Не стоило трудиться, Владимир Николаевич. Русская литература – разумею тайное братство писателей и читателей – мир самоочищающийся, наподобие озера Байкал. Вроде и общественного мнения никакого, и критика – глухонемая дура, но стоит русскому писателю сказать, даже только сказать (уничтожив потом текст) оду вешателю, как Некрасов; не говоря уже – печатно, как Лесков, заушить кого-нибудь из официально гонимых, – и пропал писатель: он, неизвестно, на какой срок, не более чем говорящая восковая фигура. (На собственном горьком опыте убедились, не так ли?) Подвиги – подвигами, шедевры – шедеврами, но ежели кто, хоть раскумир, сперва попрекнет мертвого Андрея Сахарова: какая-то «нерусская» была у покойника боль, – вдругорядь пожурит мертвого Иосифа Бродского: зачем отлынивал от «еврейского вопроса»? – наконец, воззовет, как бы в озарении: восстановим смертную казнь – спасем Россию! – литературе становится скучен этот человек.

Так что миф поредел.
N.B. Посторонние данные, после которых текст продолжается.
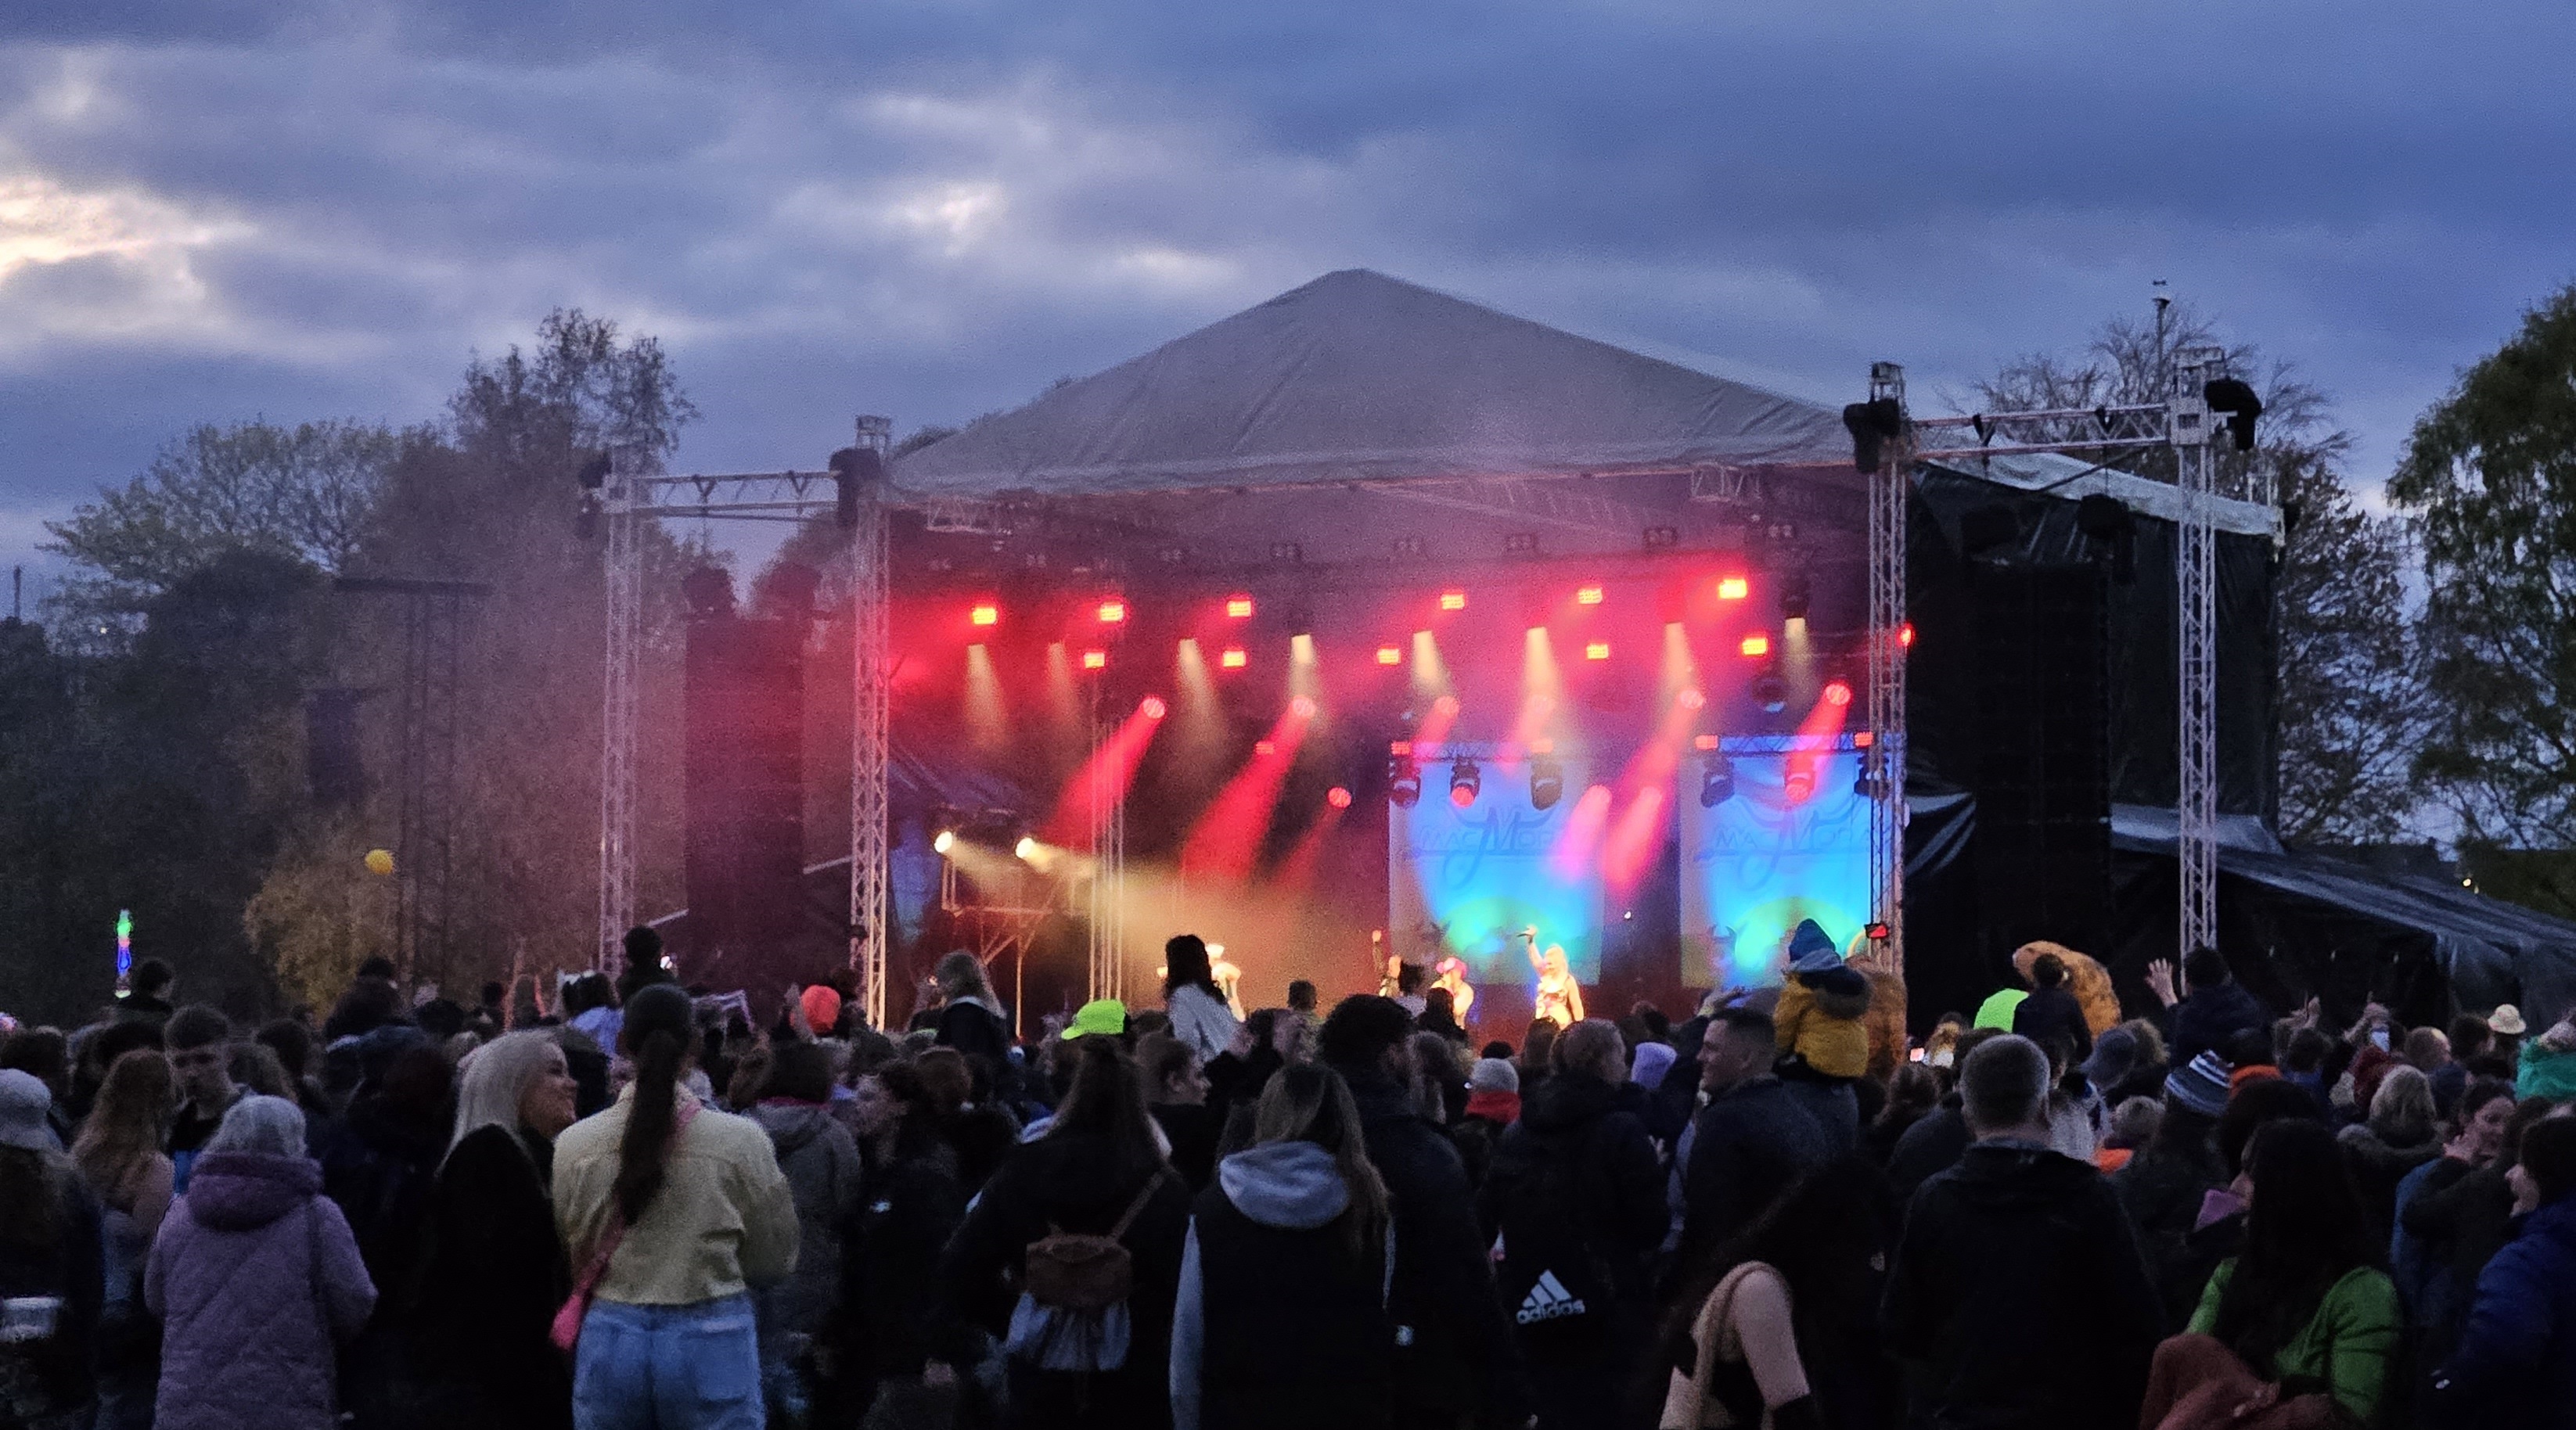 Photograph of the main stage at MacMoray 2023 with a lively crowd

Портрет же хоть и правдив, да пристрастен. Будет будущее – там разберутся. Не будет будущего – наплевать на всех на нас и забыть, OK?


Сочинения Елены Шварц

Том I. – СПб.: Пушкинский фонд, 2002.

Том II. – СПб.: Пушкинский фонд, 2002. Издание подготовил Г.Ф.Комаров.

Давно я ждал случая, навостренную шуточку за пазухой приберегал. Елена Шварц проговорилась какой-то газете, что никогда не работает над стихами: просто наполняет ванну горячей водой и ложится в нее, – а пока лежит, Святой Дух ей диктует. Я тогда подумал смешливо (уже воображал себя критиком): такие признания ставят нашего брата в трудное положение – не особенно-то разбежишься;

как раз пришьют хулу на Духа Святого – смертный то есть грех. То-то и не пишут про нее ничего внятного. Но заманчиво было бы вывести на бумаге что-нибудь вроде: во второй строфе Св. Дух оплошал маленько…

А он возьми да и не оплошай практически нигде. Очевидно, впрочем, что со стопкой диктантов автор и редактор повозились: отобрали для издания далеко не всё, а что взяли – расположили хитро – как бы лестничными маршами различной высоты, под разными углами друг к другу и в разных плоскостях, но только вверх. Без перил. Об отдыхе не может быть и речи. На такие два томика (формат «маленького» академического Пушкина) у поэта уходит максимум жизнь, у читателя – как минимум ночь напролет – и какая ночь!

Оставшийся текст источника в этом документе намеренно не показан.